Dice Game on a CPLD

A complex programmable logic device (CPLD) is a device which uses macrocells in order to implement logical functions. We took up this project as a way to understand the flow of taking a real world problem from the stage of hardware design, it’s implementation using a hardware description language and finally, the porting to a real hardware. This project was done by me and Manan at CEDT, NSIT under Prof. Dhananjay Gadre.

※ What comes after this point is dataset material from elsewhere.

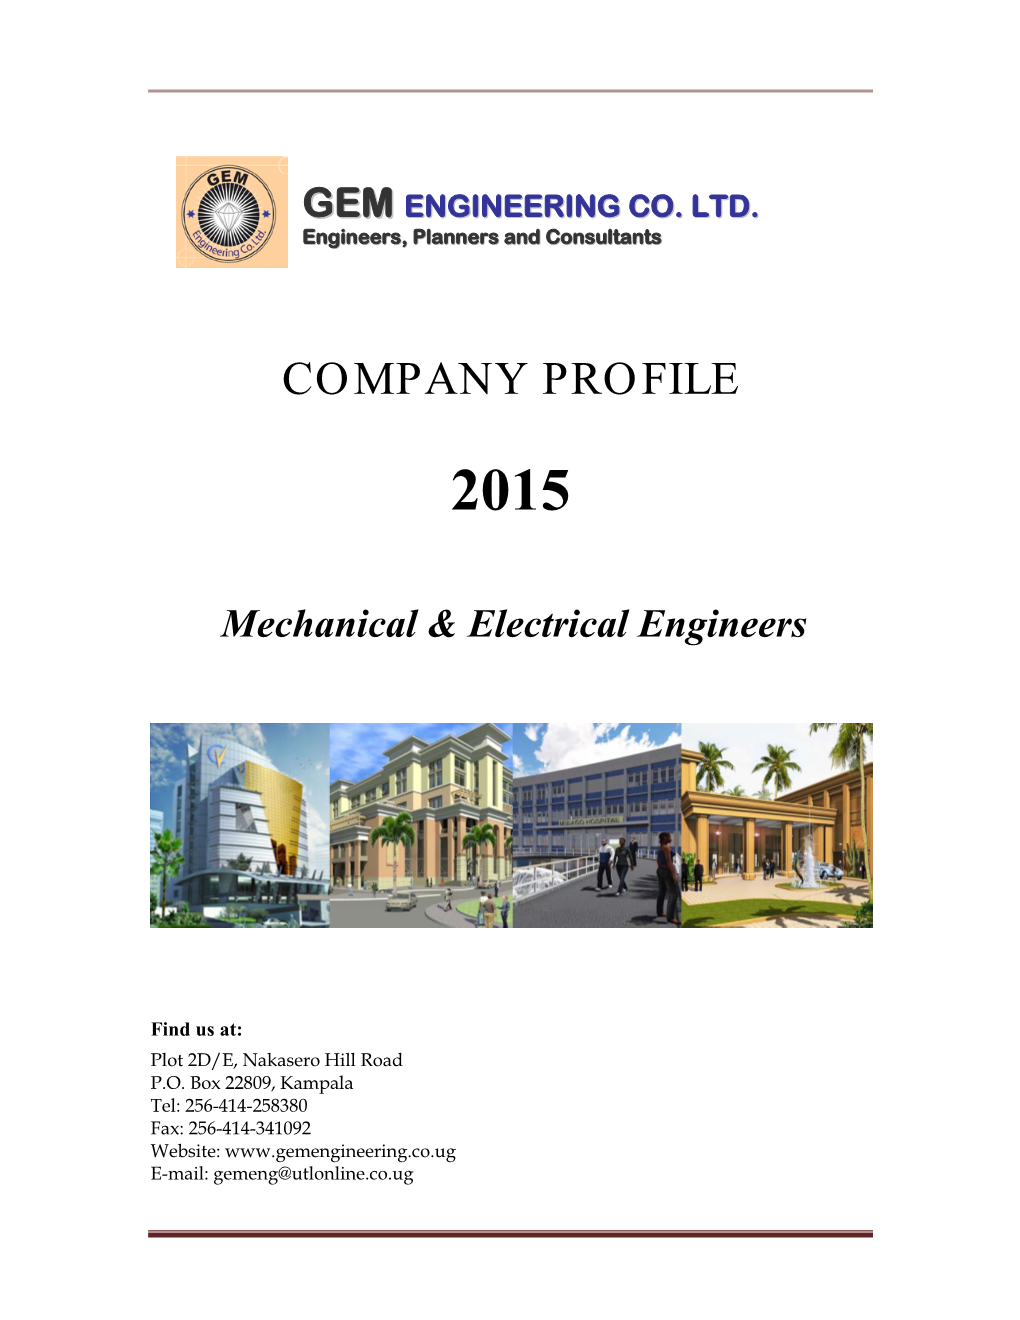 Gem Engineering Company Profile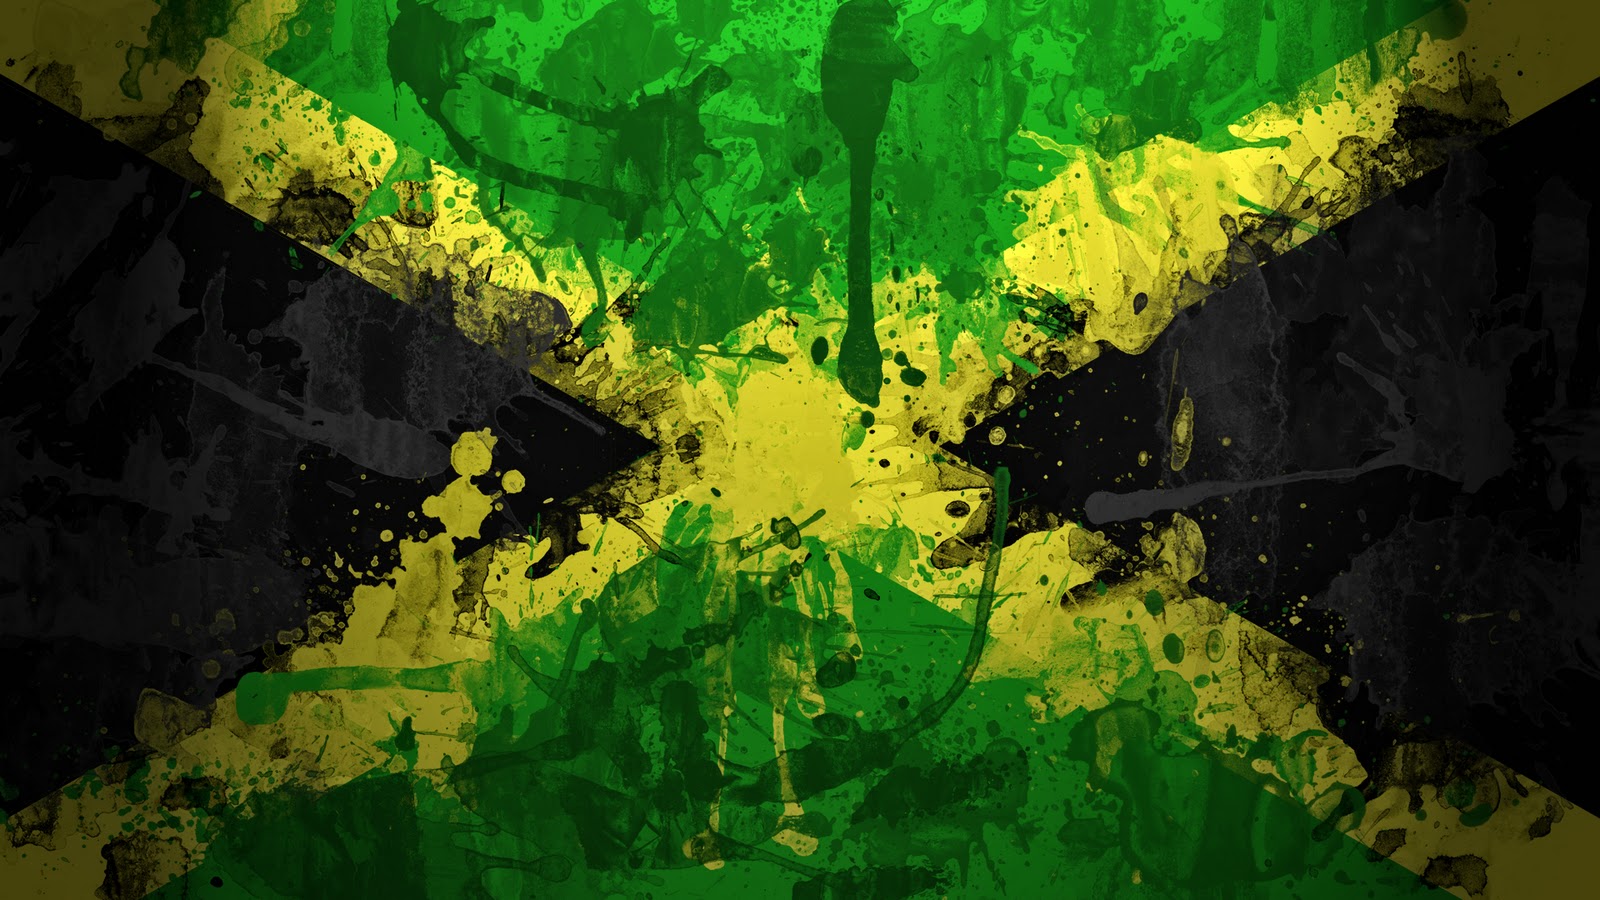 Wallpaper Flag Of Jamaica Jancok

We were provided by a kit called PalDuino, which is a CPLD version of Arduino. It has the capability of programming via JTAG and pinheads in order to mount peripherals.


The shield looked like this, mounted on top of Palduino.


We got all this ready-made, thanks to the seniors in the lab. We were all set to write the VHDL now. It was only after a few days of struggling to make things work that we realized how important it is to use a modular approach. The most crucial point in defining an FSM is thinking of what the states should be. Once you have defined what the states are, the rest of the FSM is a piece of cake. Whether you’re trying to model the operation in a Moore or a Mealy Machine, the definition of the states is the most crucial step.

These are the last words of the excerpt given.